Task >>
Transcribe the listing below verbatim, omitting pictures.

Exercise data >>
=== Section Start ===

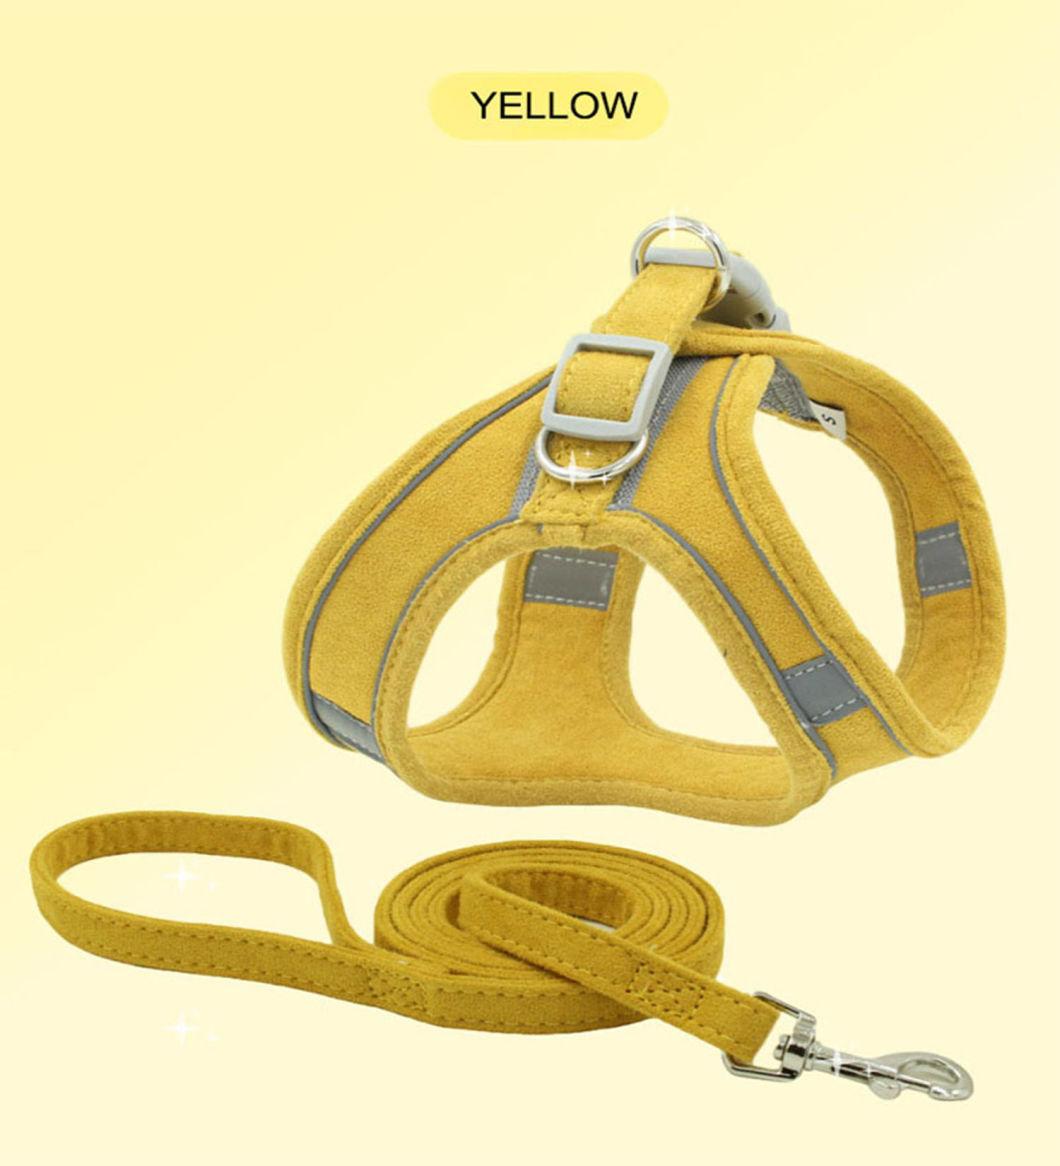 No Pull Pet Harness High Reflective Dog Harness Cat Harness with Pet Leash
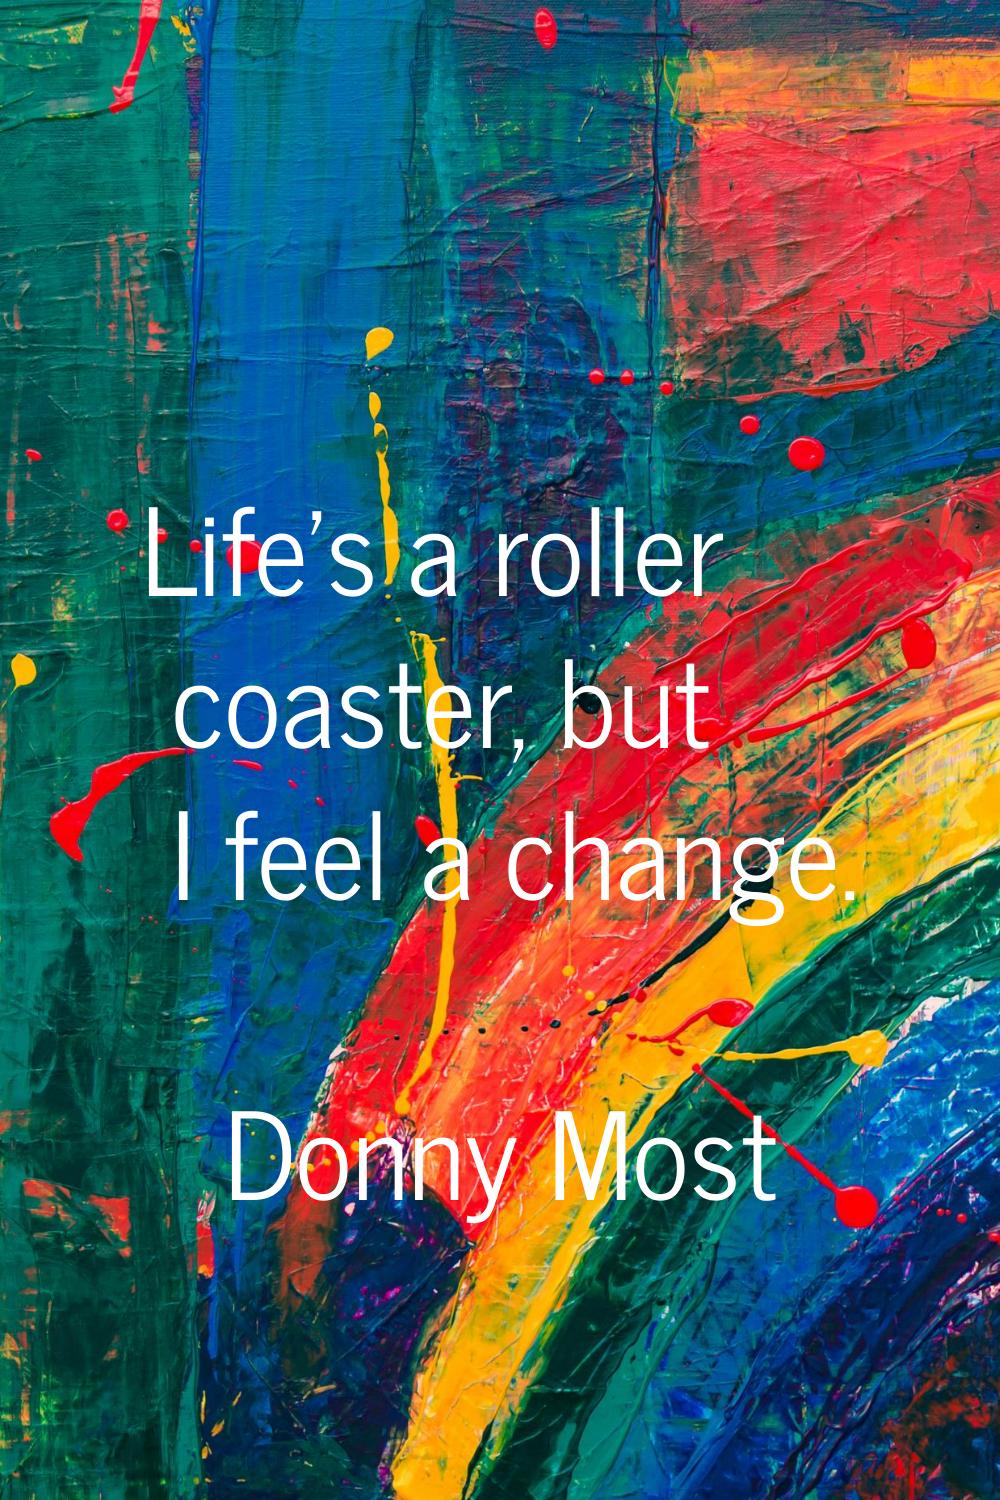 Life's a roller coaster, but I feel a change.
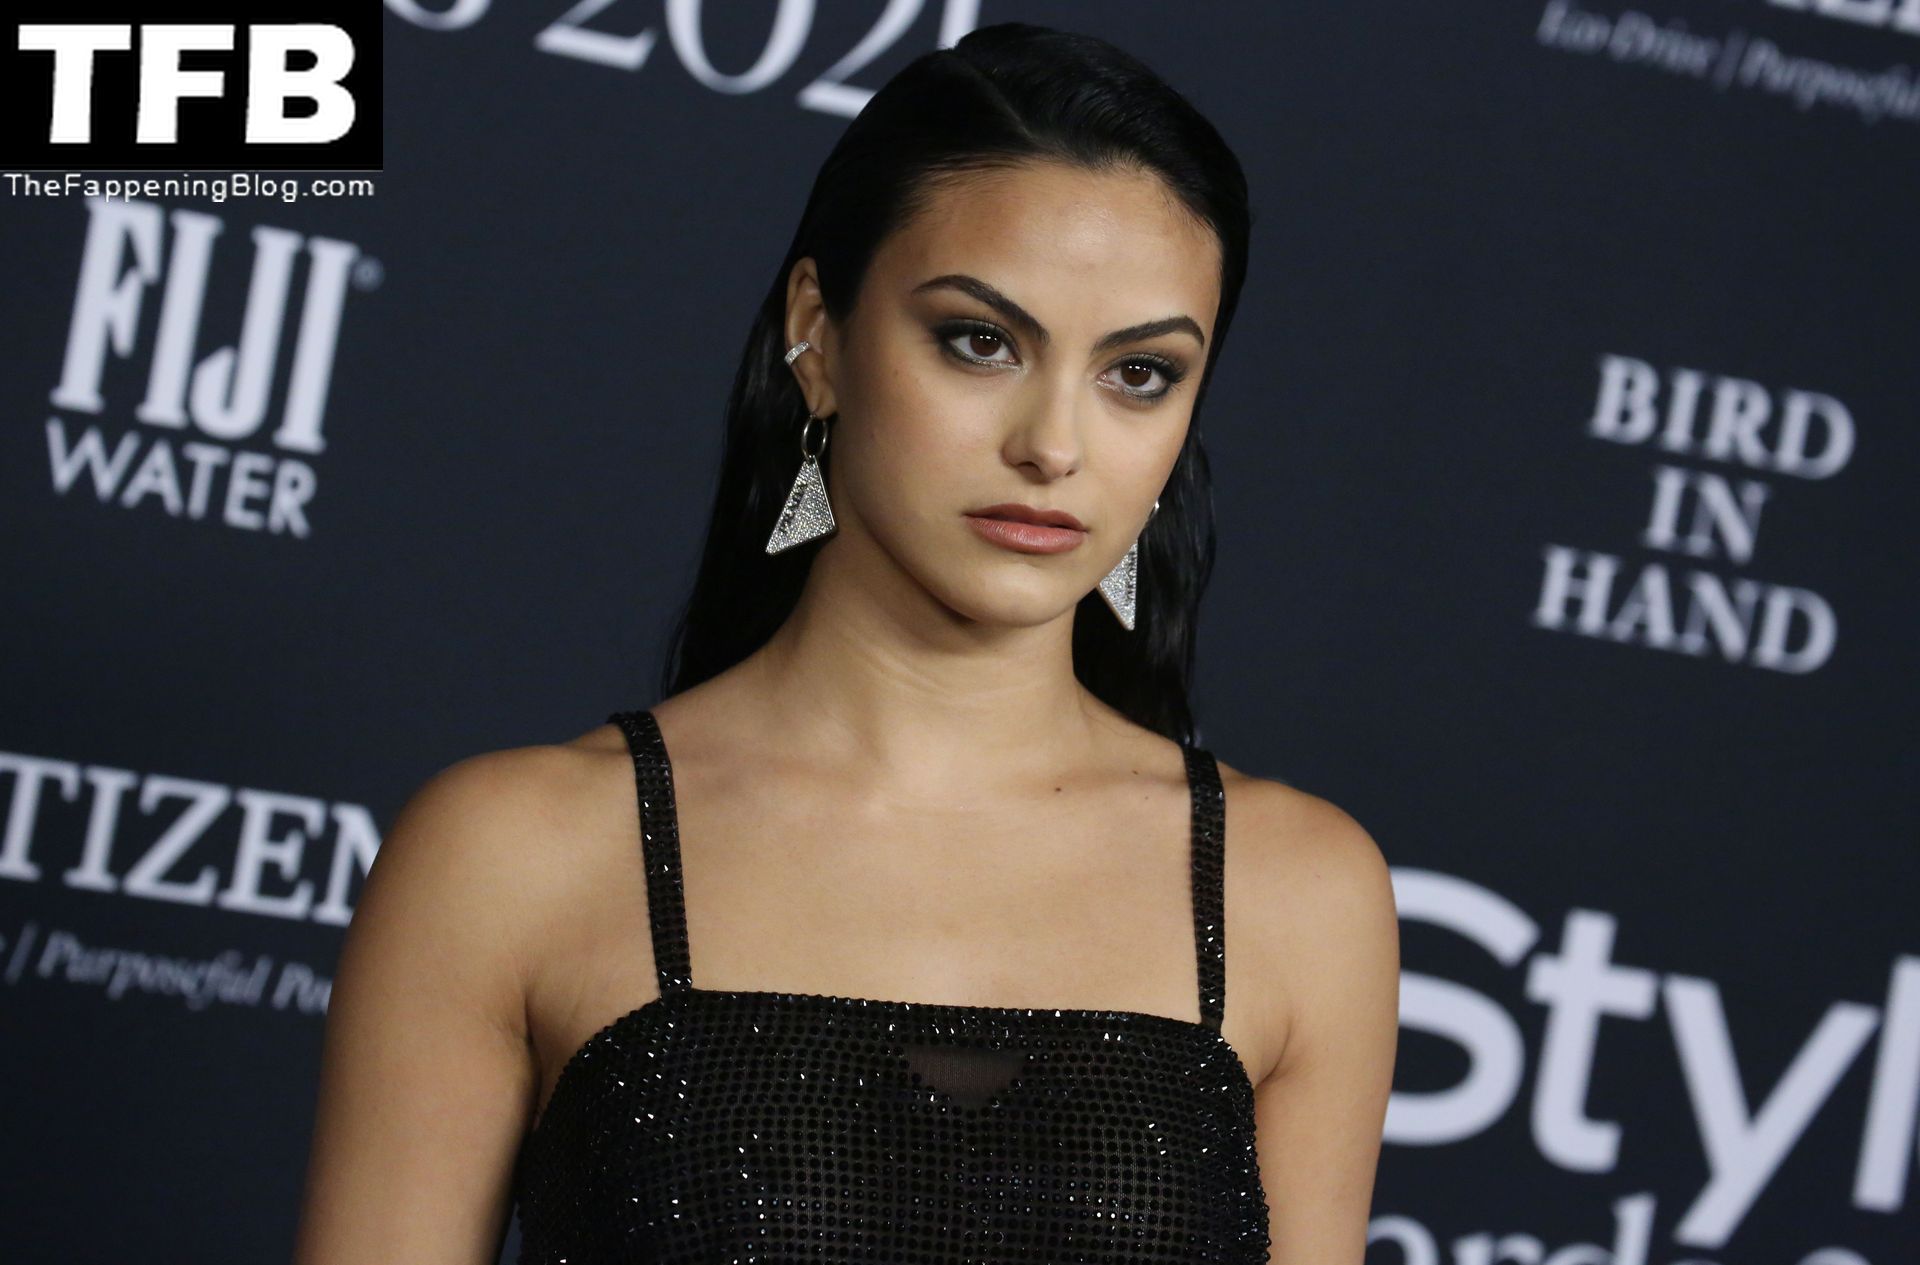 Camila-Mendes-See-Through-Tits-The-Fappening-Blog-88.jpg

=== Section End ===

The answer >>
 No Pull Pet Harness High Reflective Dog Harness Cat Harness with Pet Leash
 Life's a roller coaster, but I feel a change.
 Camila-Mendes-See-Through-Tits-The-Fappening-Blog-88.jpg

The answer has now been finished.